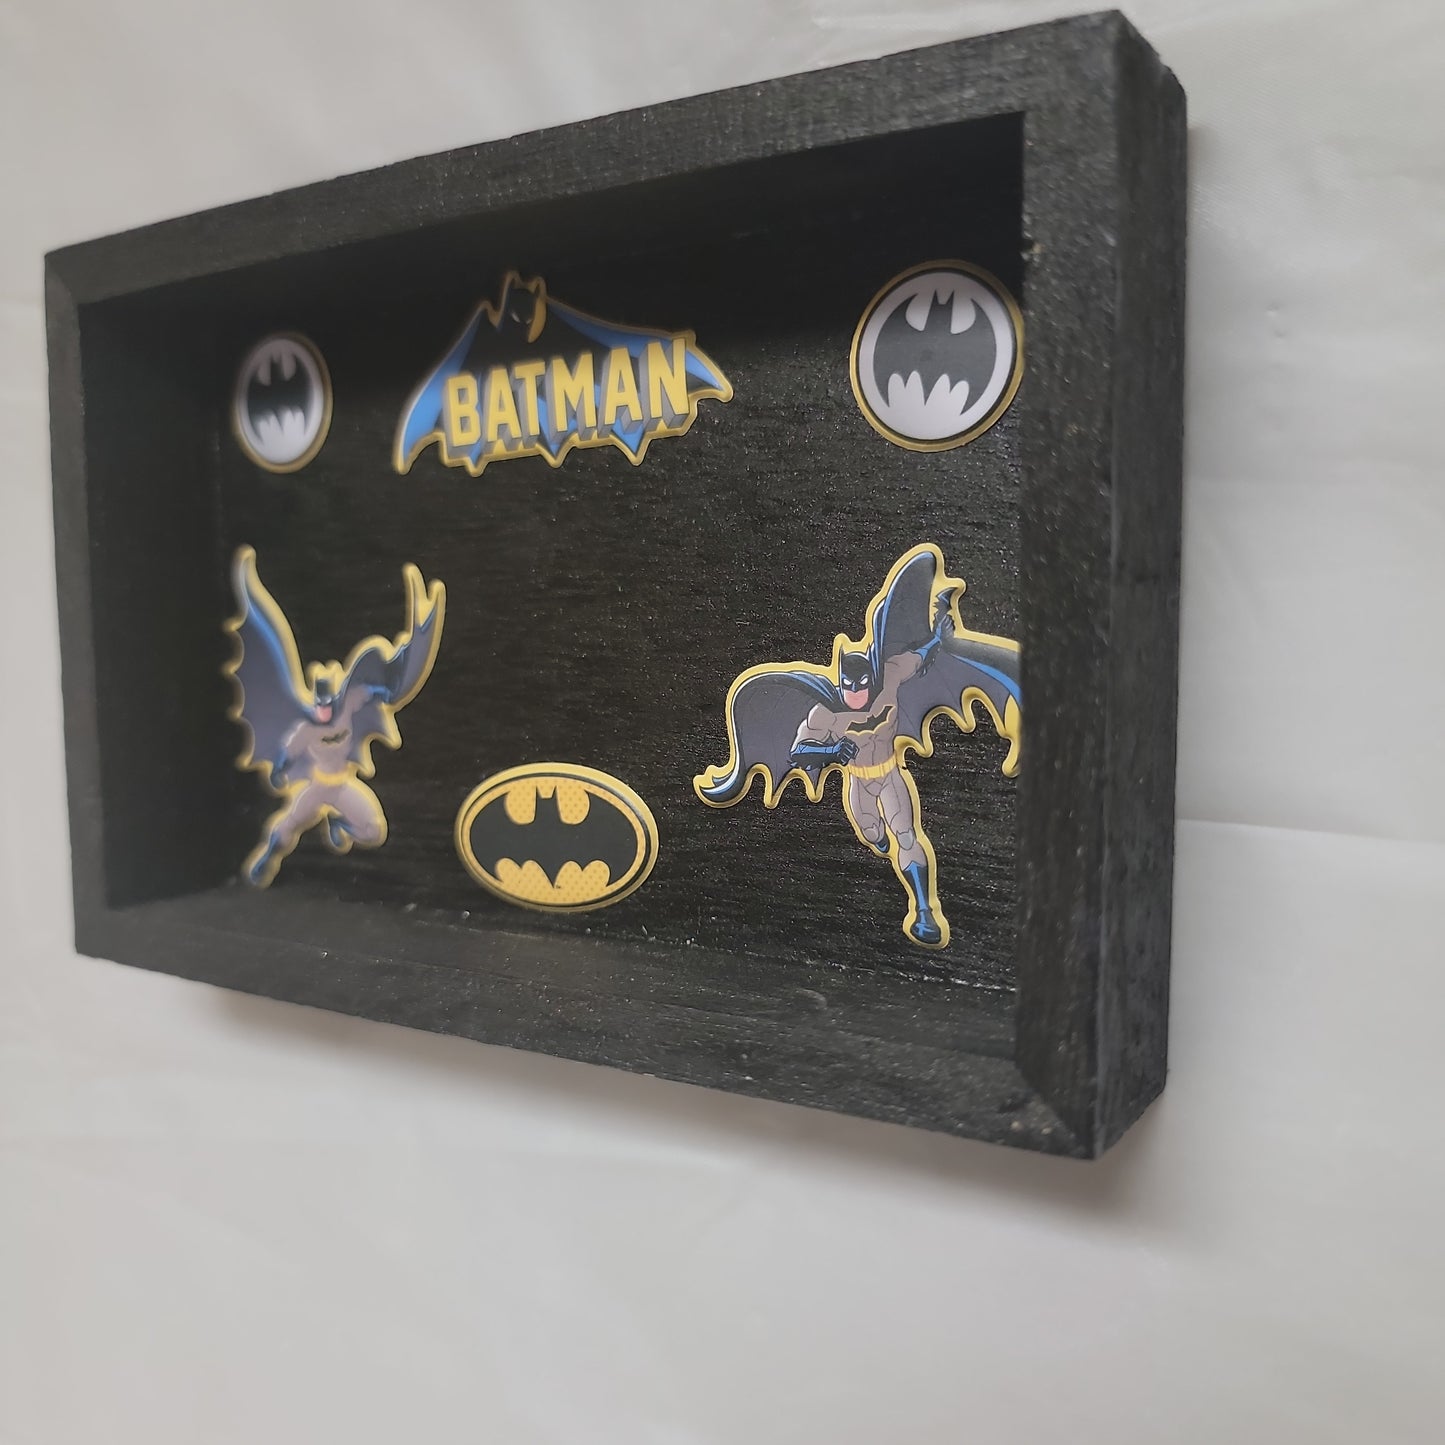 Batman shadow box a
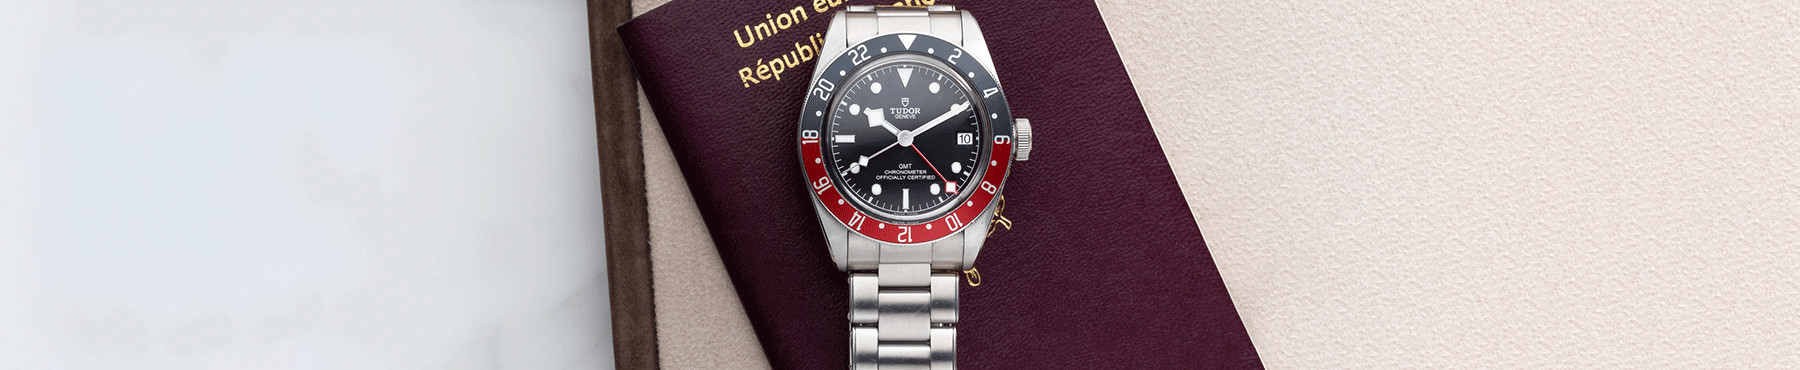 Nos montres vintage et d'occasion entre 3000 et 5000 euros
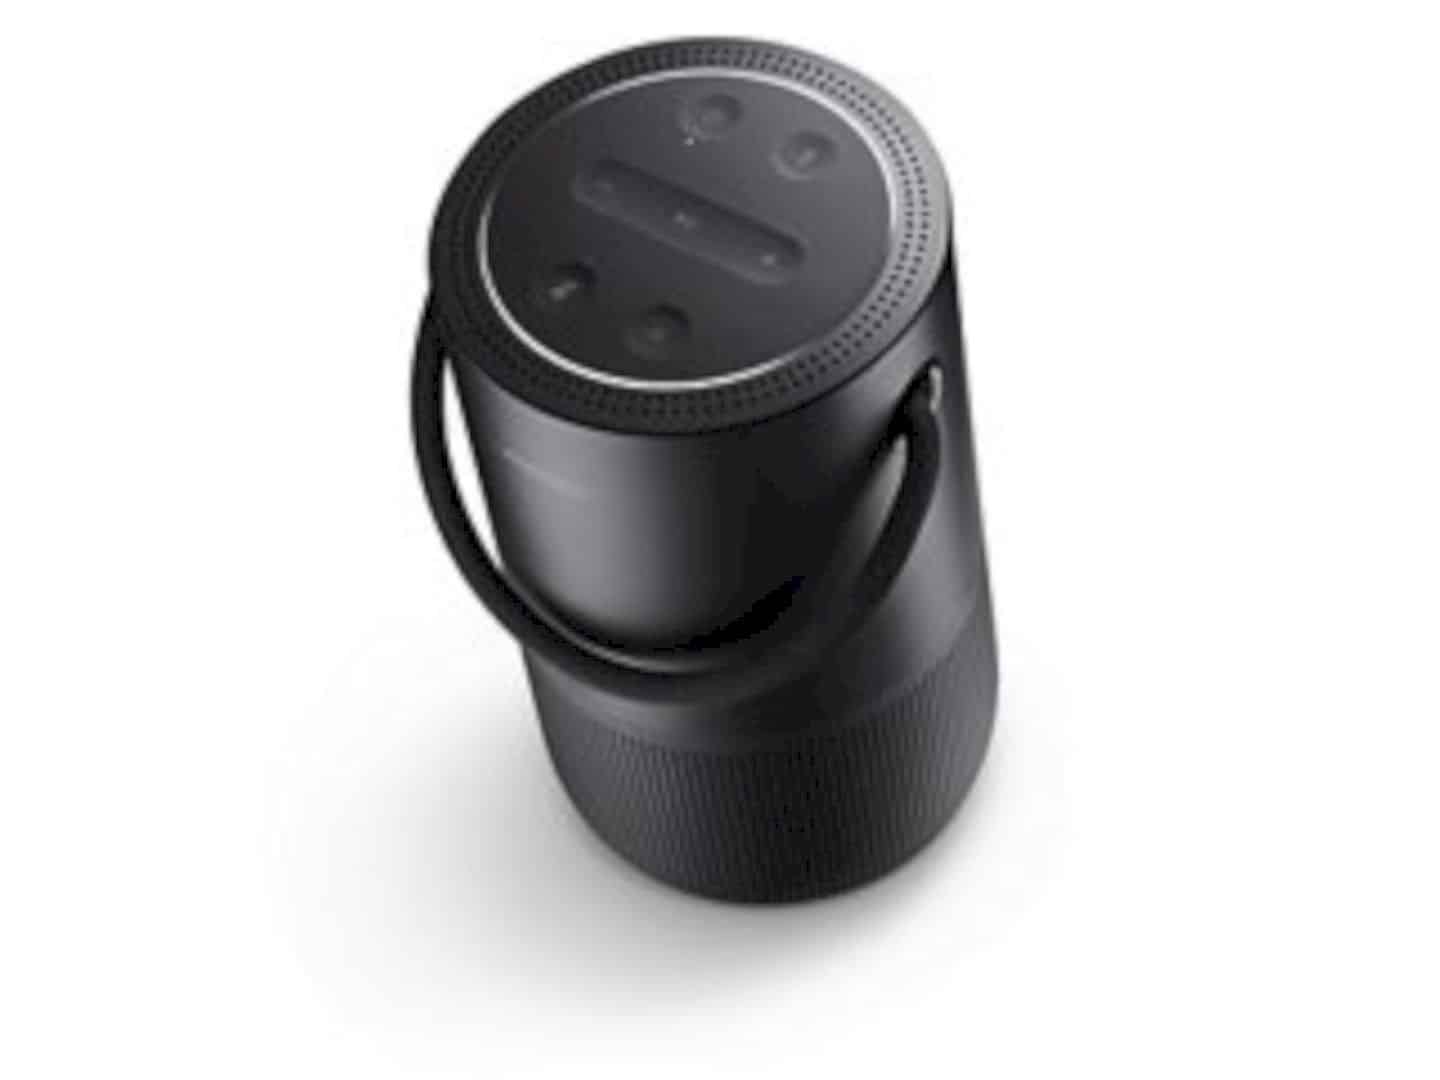 Bose Portable Home Speaker 4
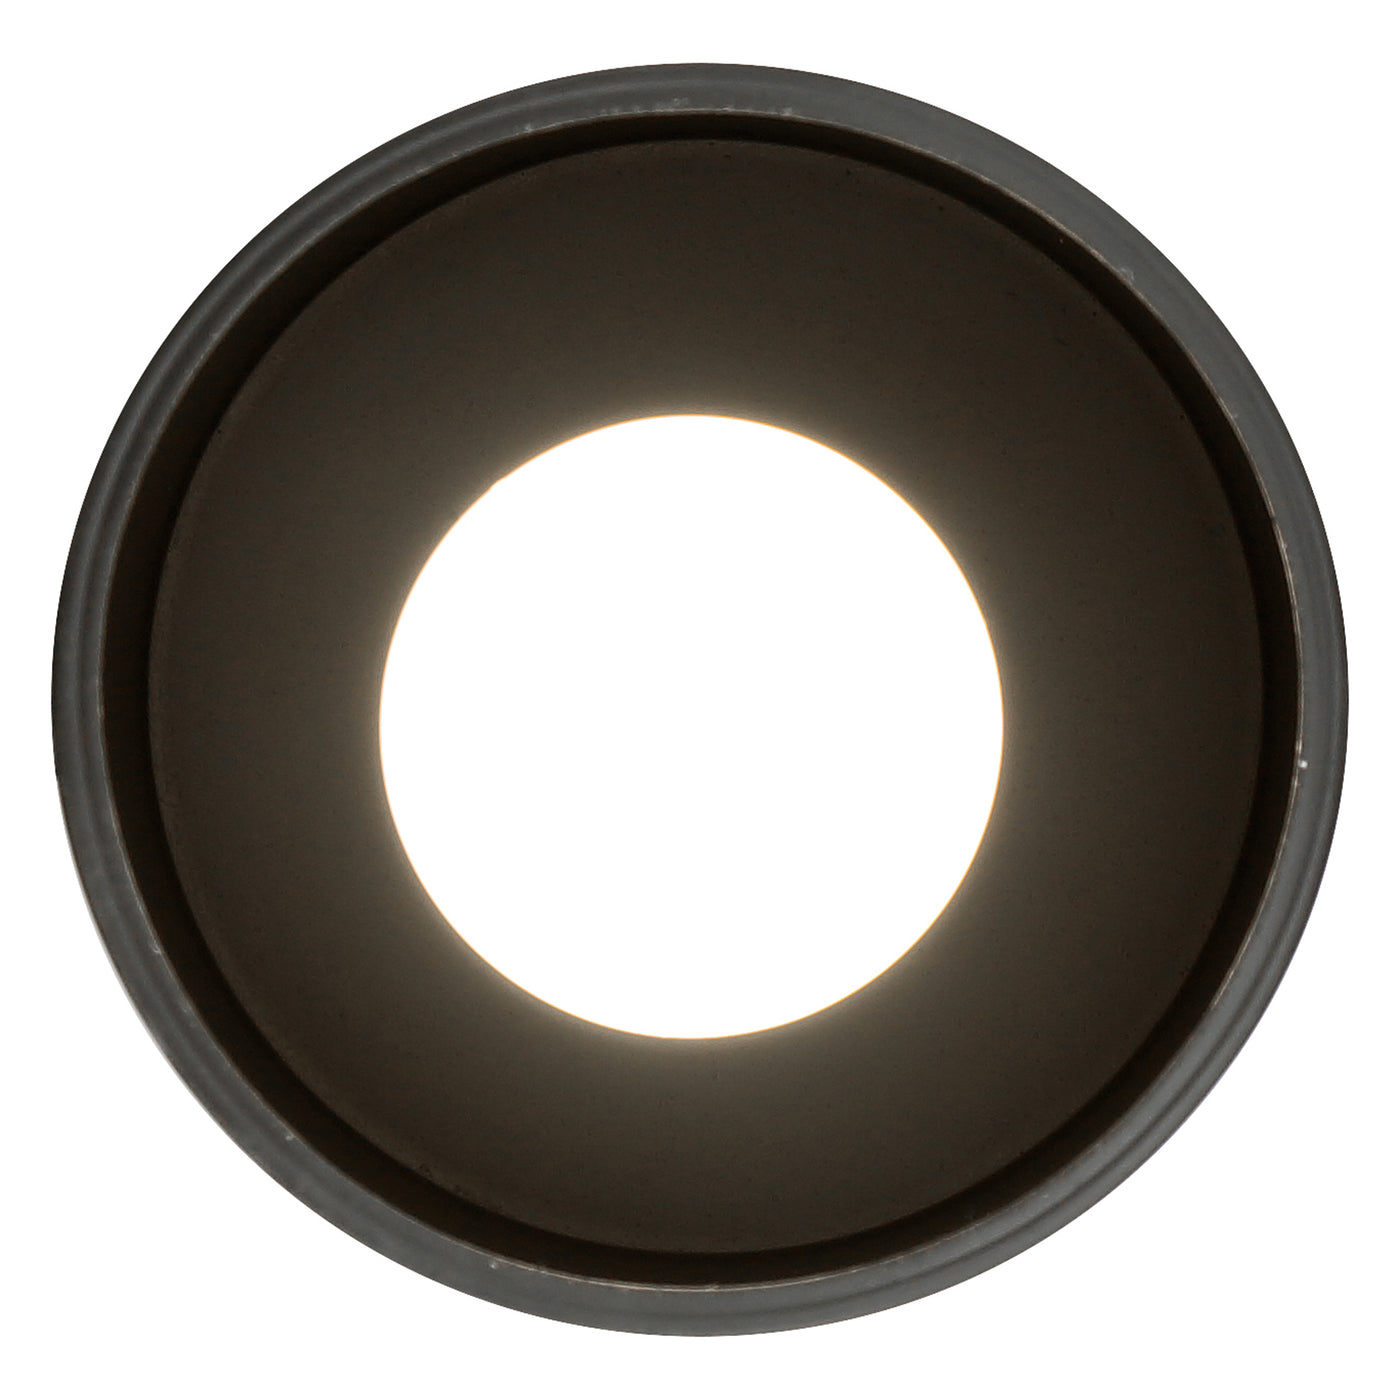 LED Pendant Cylinder Light, 60W, 120V, Matte Black, Pilson Collection

### WORK INSTRUCTIONS
Return each line above exactly; any pictures are to be skipped.

### EXPECTED OUTPUT
 Batman shadow box a
 Nos montres vintage et d'occasion entre 3000 et 5000 euros
 Bose Portable Home Speaker 4
 LED Pendant Cylinder Light, 60W, 120V, Matte Black, Pilson Collection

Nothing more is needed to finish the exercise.